O governo do presidente dos Estados Unidos, Donald Trump, avalia classificar as facções brasileiras Primeiro Comando da Capital (PCC) e Comando Vermelho (CV) como organizações terroristas estrangeiras. A medida ocorre porque Washington vê os dois grupos criminosos como uma ameaça à segurança regional. Ela ampliaria as ferramentas legais da Casa Branca para combater as duas facções e provoca preocupação no governo brasileiro.
A informação foi apurada pelo portal UOL e pela Folha de S.Paulo, com base em relatos de autoridades americanas e diplomatas envolvidos nas discussões. A Gazeta do Povo entrou em contato com o Departamento de Estado dos EUA para comentar a possibilidade, mas ainda não obteve resposta até a publicação desta matéria. O conteúdo será atualizado caso haja manifestação oficial.
Segundo reportagem da Folha de S.Paulo, um porta-voz do Departamento de Estado afirmou que as duas facções são consideradas pelo governo Trump como ameaças relevantes à segurança regional por causa do envolvimento com tráfico de drogas, violência e atuação internacional. A pasta não confirmou a designação dos dois grupos criminosos como terroristas, mas declarou que está “plenamente comprometida em tomar as medidas apropriadas contra grupos estrangeiros que se envolvam em atividades terroristas” e que não comenta previamente decisões desse tipo.
De acordo com o portal UOL, fontes ligadas ao governo Trump disseram que a classificação do PCC e CV como organização terrorista estrangeira está em estágio avançado e pode ser anunciada nos próximos dias. A designação permitiria congelar ativos nos Estados Unidos, bloquear acesso ao sistema financeiro, impor sanções e restringir vistos a integrantes ou colaboradores das facções.
Ainda segundo o UOL, o tema vem sendo tratado dentro da estratégia de segurança do governo americano para o hemisfério ocidental e foi discutido em reuniões recentes sobre combate ao narcotráfico nas Américas.
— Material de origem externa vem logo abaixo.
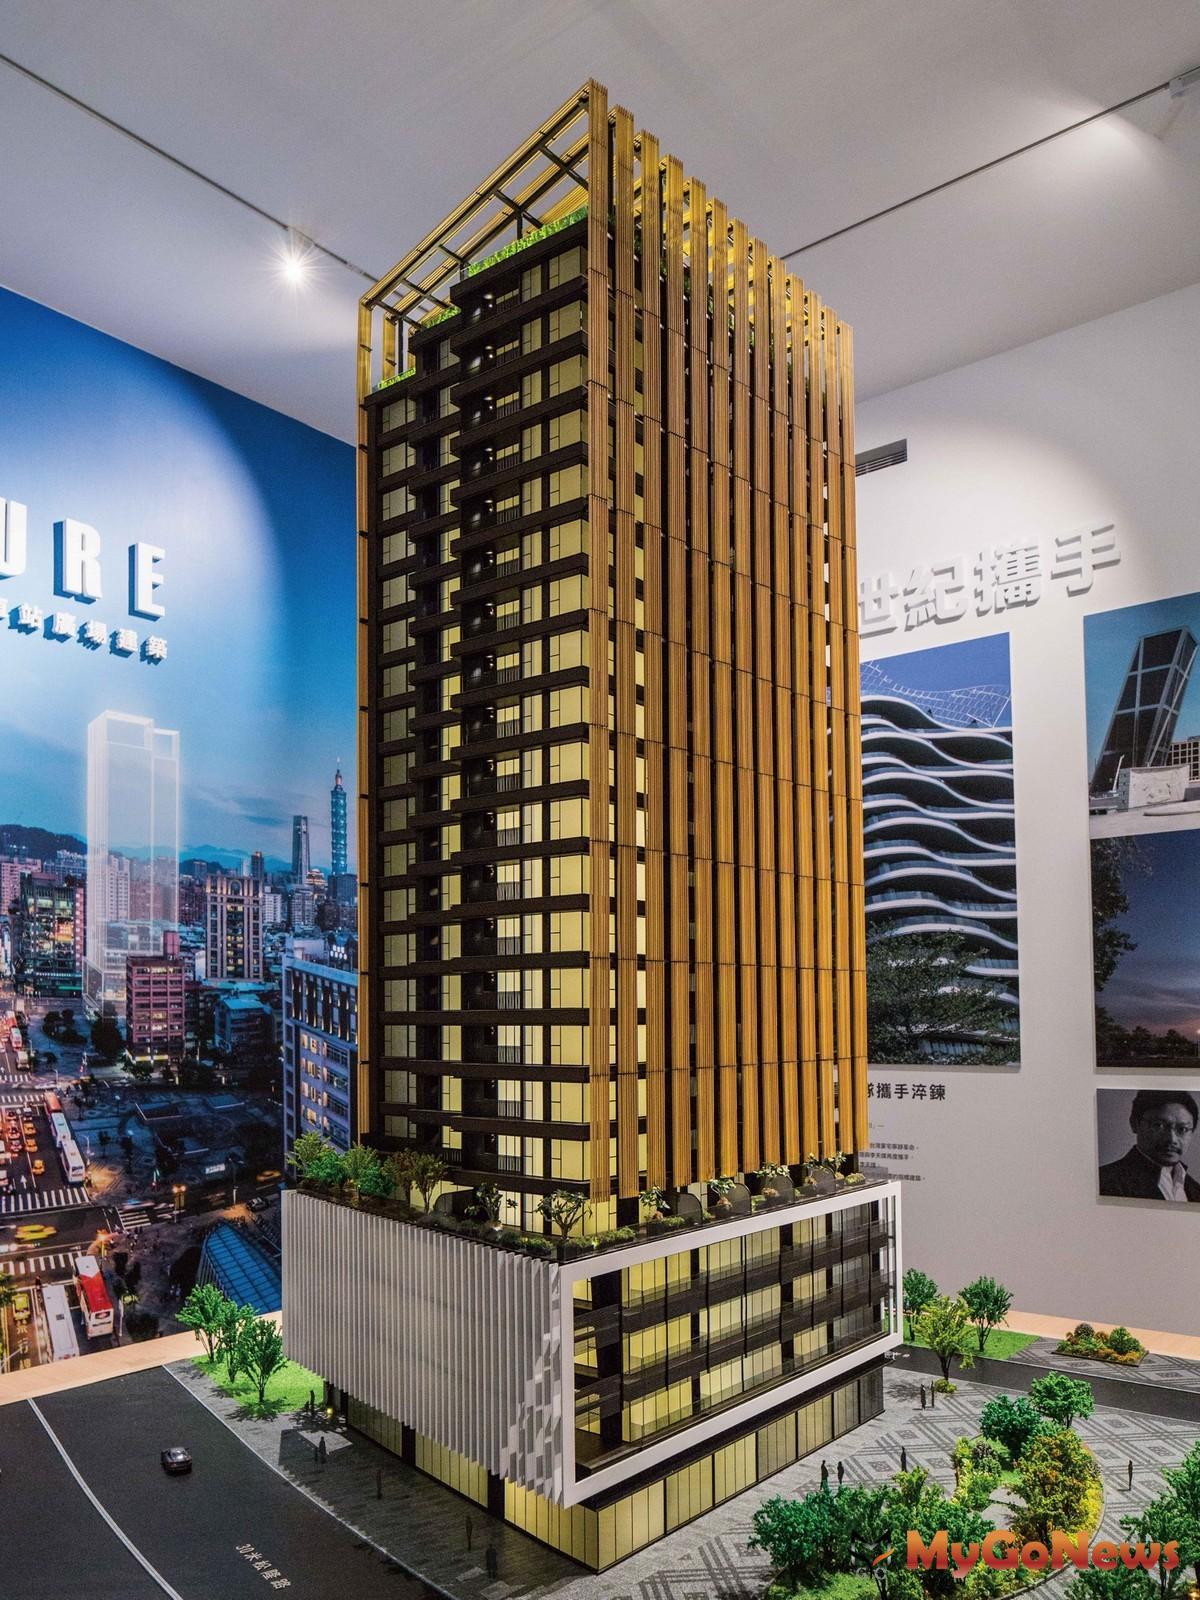 信松廣場建築模型。(圖/業者提供) MyGoNews房地產新聞 熱銷推案

Nos bastidores, o governo brasileiro tenta evitar a classificação. Integrantes do Itamaraty afirmam que autoridades americanas estiveram no Brasil no ano passado para levantar informações sobre o funcionamento das facções, sem abrir espaço para que o governo brasileiro apresentasse sua própria interpretação sobre o enquadramento como terrorismo.
O Itamaraty já levou o assunto diretamente a Washington. Segundo informações, o chanceler Mauro Vieira discutiu o tema em conversa com o secretário de Estado dos Estados Unidos, Marco Rubio, manifestando preocupação com a possibilidade de enquadrar PCC e CV como grupos terroristas. Diplomatas brasileiros avaliam que a medida poderia abrir caminho para ações mais duras dos EUA na região.